“You Can’t Take It With You” opens this weekend
October 2, 2019
Loyola’s Theatre Department is producing their first play of the season: “You Can’t Take It With You,” by George Kaufman and Moss Hart.
Written in 1935, this lighthearted comedy was one of the first of its time to create a family sitcom with a theme of doing what makes you happy.
Anne-Liese Fox, former theatre professor at Loyola and director of the play, was invited back to help execute Kaufman and Hart’s vision.
“After teaching part time, it felt great to come back as a guest director,” Fox said. “It was like coming home. A lot of my former students were now my colleagues. I had been able to see a pretty exciting generation of artists that I’ve taught at Loyola that are in the community doing great things.”
Directing this play was a little bit different than what Fox was used to, however.
“I had done a lot of adaptations of classical texts in the past,” she said. “For this play, I really listened to every single word in the script.
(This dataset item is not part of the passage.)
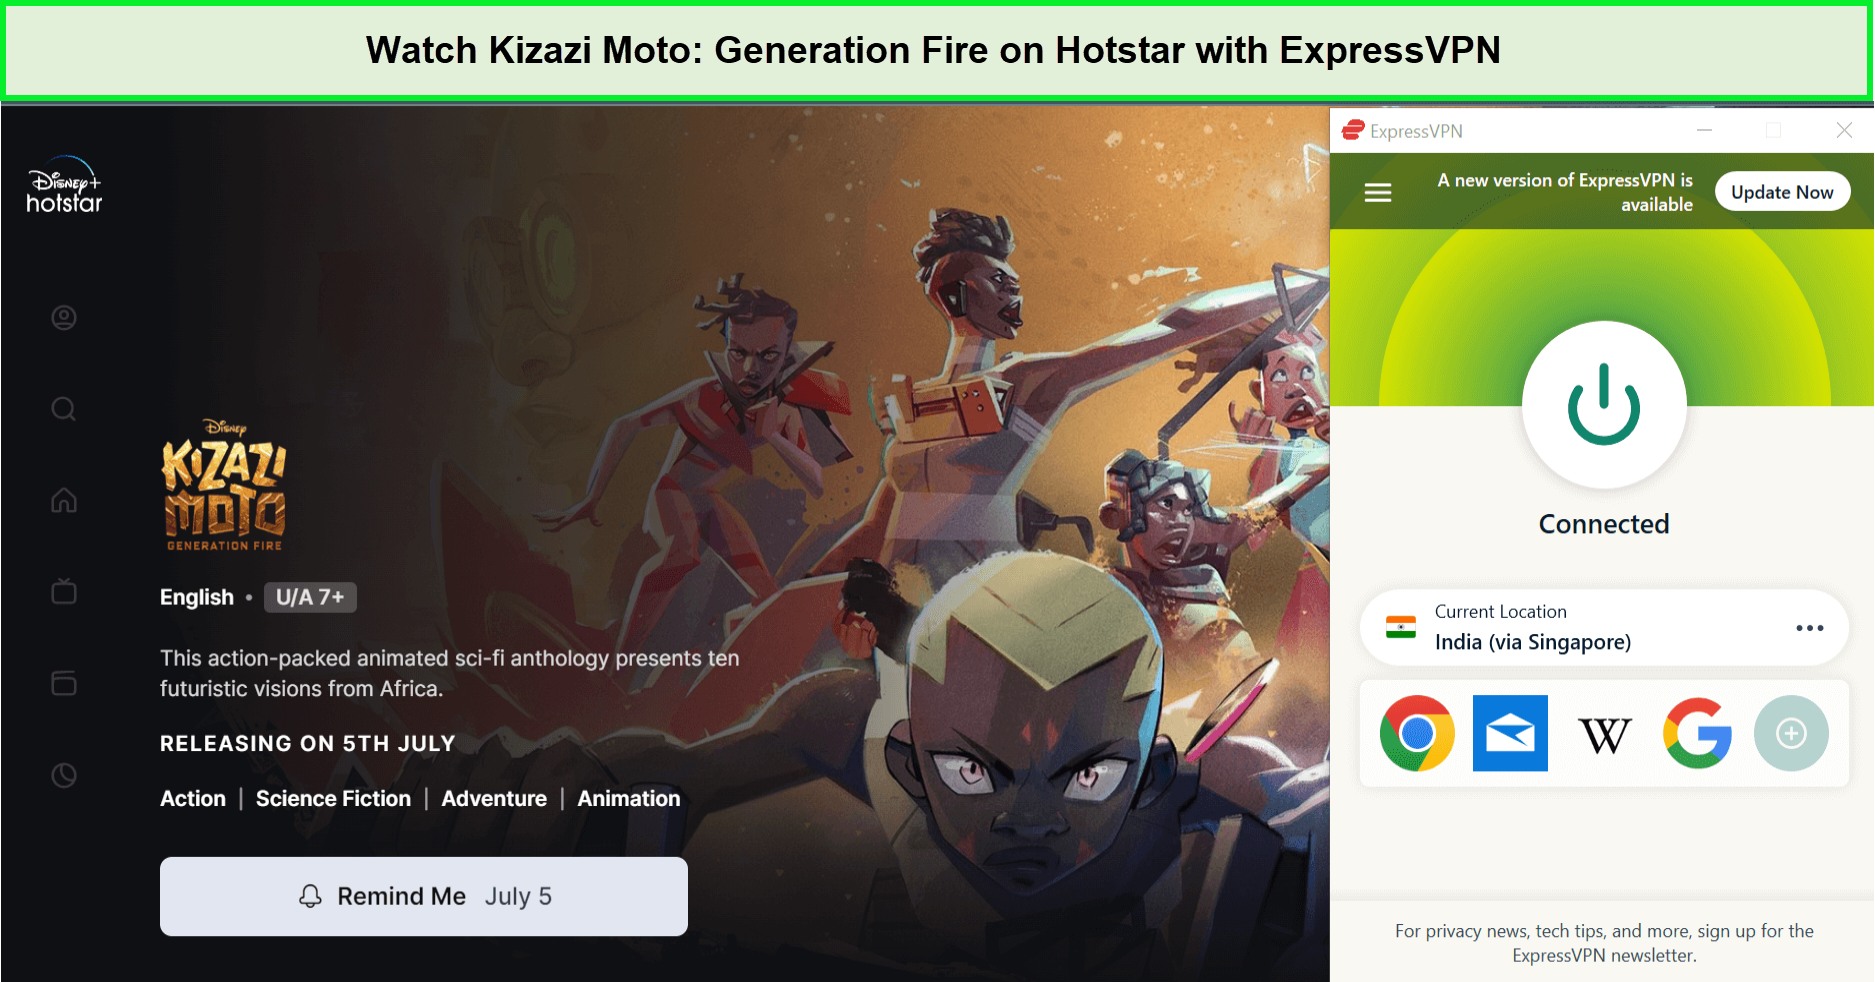 Watch-Kizazi-Moto-Generation-Fire-in-UK-on-Hotstar-with-ExpressVPN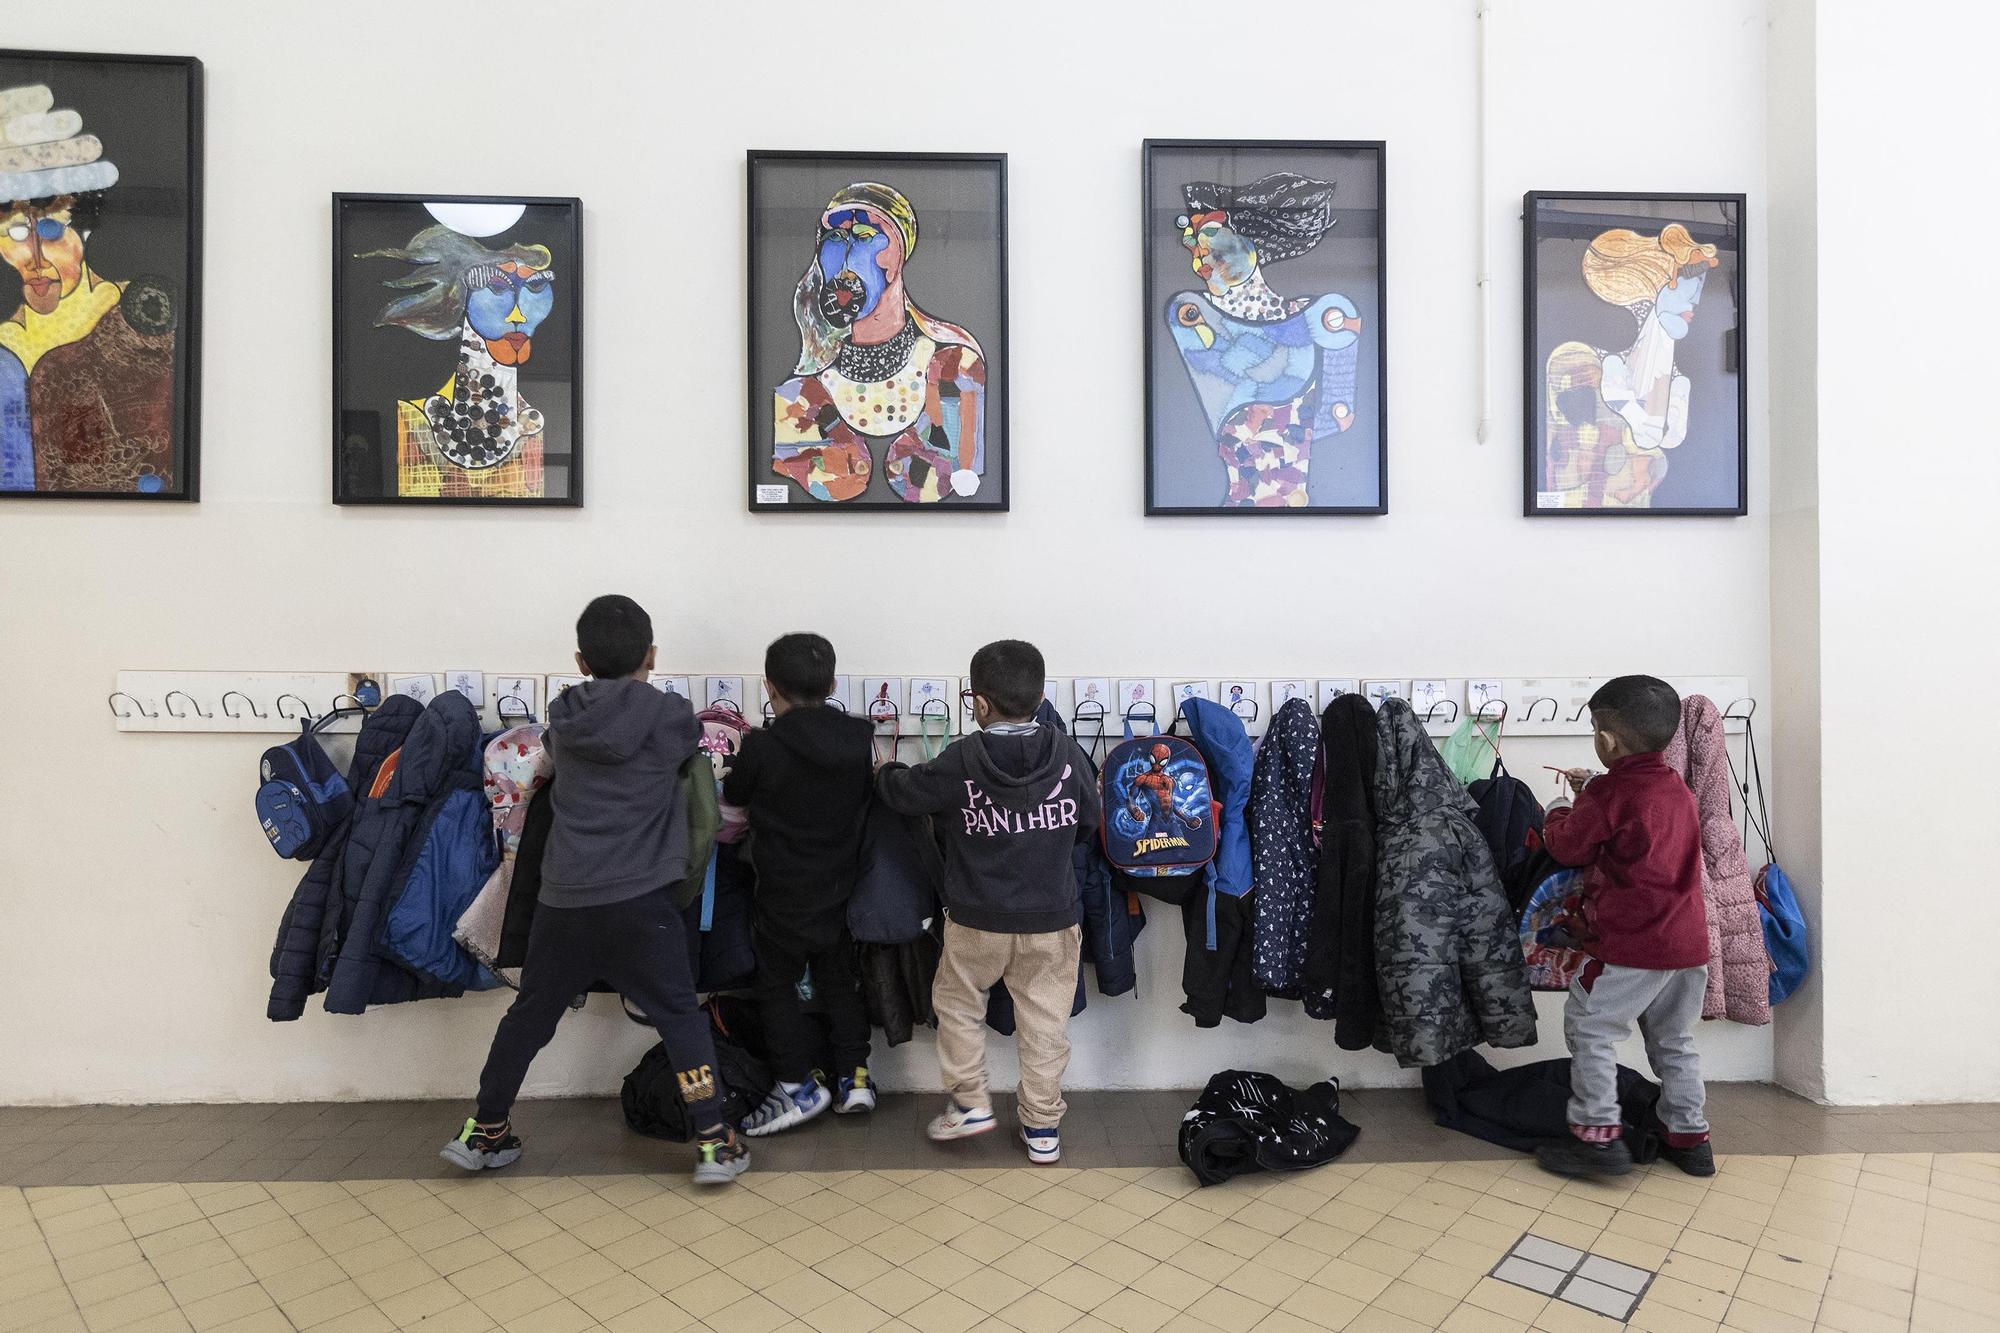 Niños en el pasillo de una escuela pública en Barcelona, este mes de marzo.

My job was to obey the text and find creative ways to bring it to life.”
Because the show is very prop heavy, Fox brought in a lot of old pictures to frame the set.
“My house that I grew up in was very much like the Vanderof house in the play,” Fox said. “My mother never threw anything away, so at any moment in my adult life I could find a toy that I played with as a child. I used some of these toys as props for some of the characters.”
For theatre freshman Jonelle Foye-Fernandez, this was his first audition at Loyola.
“My role in the play was G-man, one of the policemen” Foye-Fernandez said. “I had to understand who I was as a character and not just memorize lines. As a policeman in the play, I didn’t know those people, so I would separate myself from the other cast members to really get into character.”
Being that this isn’t his first audition at Loyola, Zach Boylan, theatre sophomore and Grandpa Martin Vanderof in the play, said he got to play his favorite character.
“I had a history with playing elderly roles,” Boylan said. “I thought I could portray his type of humor well. Even though Grandpa didn’t move much in the play, I added mannerisms, fixed my posture, and was slow and deliberate with all my movements to help me get into the mind-space of Grandpa.”
While in character, Boylan related to grandpa’s monologues.
“Grandpa’s philosophy definitely appeals to me,” he said. “He thinks that everyone should contribute to society in ways they want to and not worry about all the little things and stress. Basically, don’t do something in life that you don’t want to do. As a theatre major, I relate to that because the field that I want to get into isn’t a safe field. I’m doing it because I love it, and that’s Grandpa’s philosophy.”
The show premieres on October 4th at 7:30 p.m. and runs this weekend and next.